Chapter 41
This was starting to feel like a mistake. A very bad mistake.
Elizabeth Conover sat facing Jo across the interview table, her lips in a perpetual half smile, clearly unruffled by any of the questions Jo had asked her. If indeed Elizabeth had once worked for the Agency, then she’d been trained to resist even the harshest of interrogation techniques. No wonder Jo was finding it so difficult to drag the truth out of her. They’d been at this for half an hour, and while Elizabeth had been cordial and seemingly cooperative, she’d denied knowing anything about the identity of the lady in the lake. Jo wondered if Detective Alfond, who was interviewing Arthur Fox in the room next door, was having any better luck.
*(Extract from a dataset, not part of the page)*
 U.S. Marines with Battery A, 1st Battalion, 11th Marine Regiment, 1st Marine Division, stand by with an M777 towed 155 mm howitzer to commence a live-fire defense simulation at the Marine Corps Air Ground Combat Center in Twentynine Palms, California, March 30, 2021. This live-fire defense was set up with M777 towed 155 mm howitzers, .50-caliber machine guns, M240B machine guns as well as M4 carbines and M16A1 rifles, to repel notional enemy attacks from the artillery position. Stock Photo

“Really, Chief Thibodeau,” said Elizabeth. “I have absolutely no idea who those bones belong to. I don’t know why you think I would know anything.”
“You spend every summer on Maiden Pond.”
“So do any number of other people.”
“In a house that you and your husband have owned since 1968.”
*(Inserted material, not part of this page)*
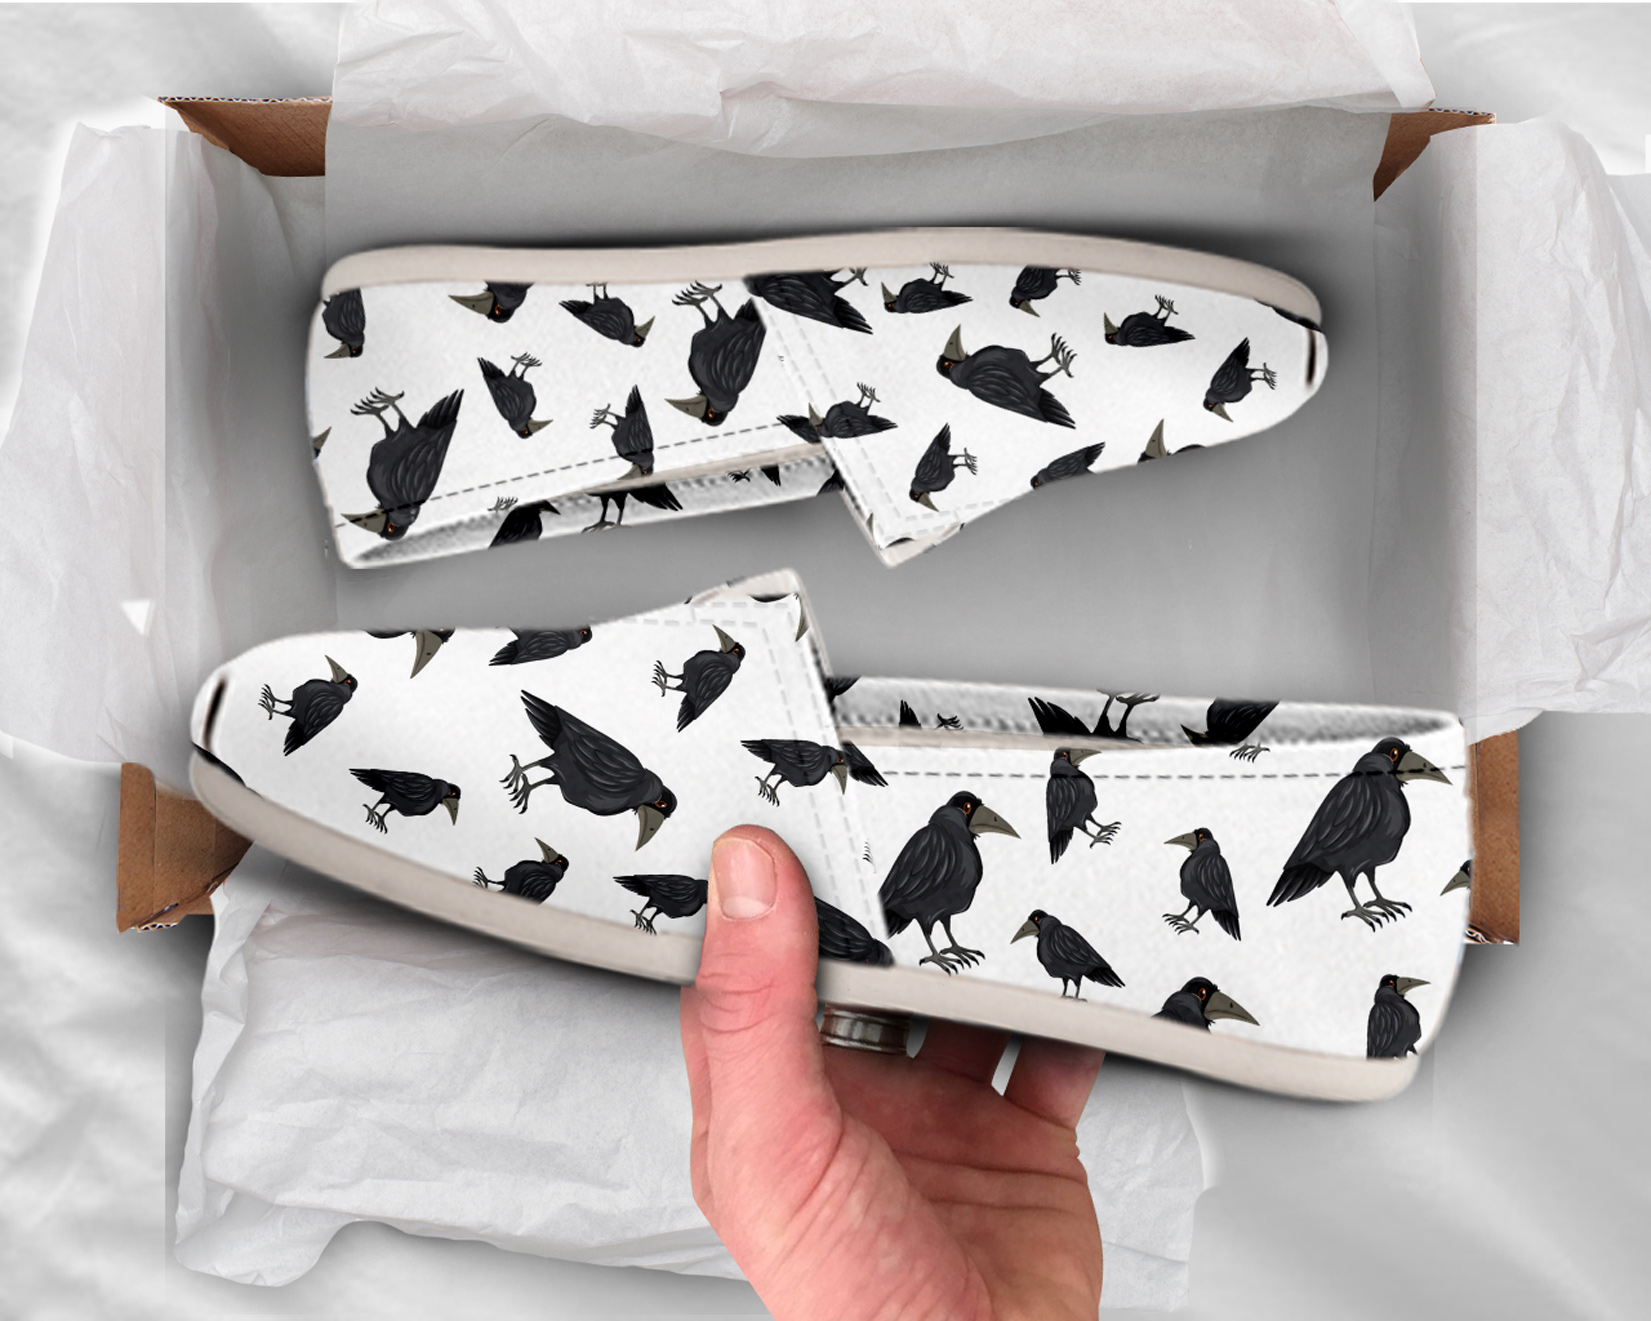 Black Crow Shoes | Custom Canvas Sneakers For Kids & Adults

Elizabeth smiled. “To you, that probably seems like the Stone Age.”
“The woman’s bones were found just a few dozen yards offshore from Moonview.”
“It doesn’t mean I know who she was, or how she got there.”
Jo sat for a moment, tapping her fingers on the table. Decided, what the hell, just hit her with it and see how she reacts.
“It’s interesting, that you and your husband came to Purity the same year that Arthur Fox and Dr. and Mrs. Greene did.”
“Is it? Interesting?”
“That’s also the same year that Vivian Stillwater moved here.”
A beat. “Is that so?”
“You know it’s so, Mrs. Conover. Because you were all part of the same team.”
Elizabeth’s lip twitched. At last, a visible reaction. The air in the room suddenly seemed charged with tension. Surely Elizabeth realized her past was about to surface.
“In fact,” said Jo, “you all came to Purity for a specific reason. Didn’t you?”
“The same reason a thousand other tourists come every summer.”
“But you weren’t tourists. Neither were Arthur Fox or Dr. Greene. Or, for that matter, Vivian Stillwater. Within a year or two, you and the Greenes and Arthur Fox all bought property in Purity. And you weren’t here just for the summer. Those first few years, you stayed year round, because you weren’t here just to enjoy our fine summer weather. You were here to work.”
Elizabeth’s face tightened, and she broke off eye contact. Instead, she seemed to focus on a point above Jo’s shoulder. It appeared the Martini Club had indeed reached the correct conclusion.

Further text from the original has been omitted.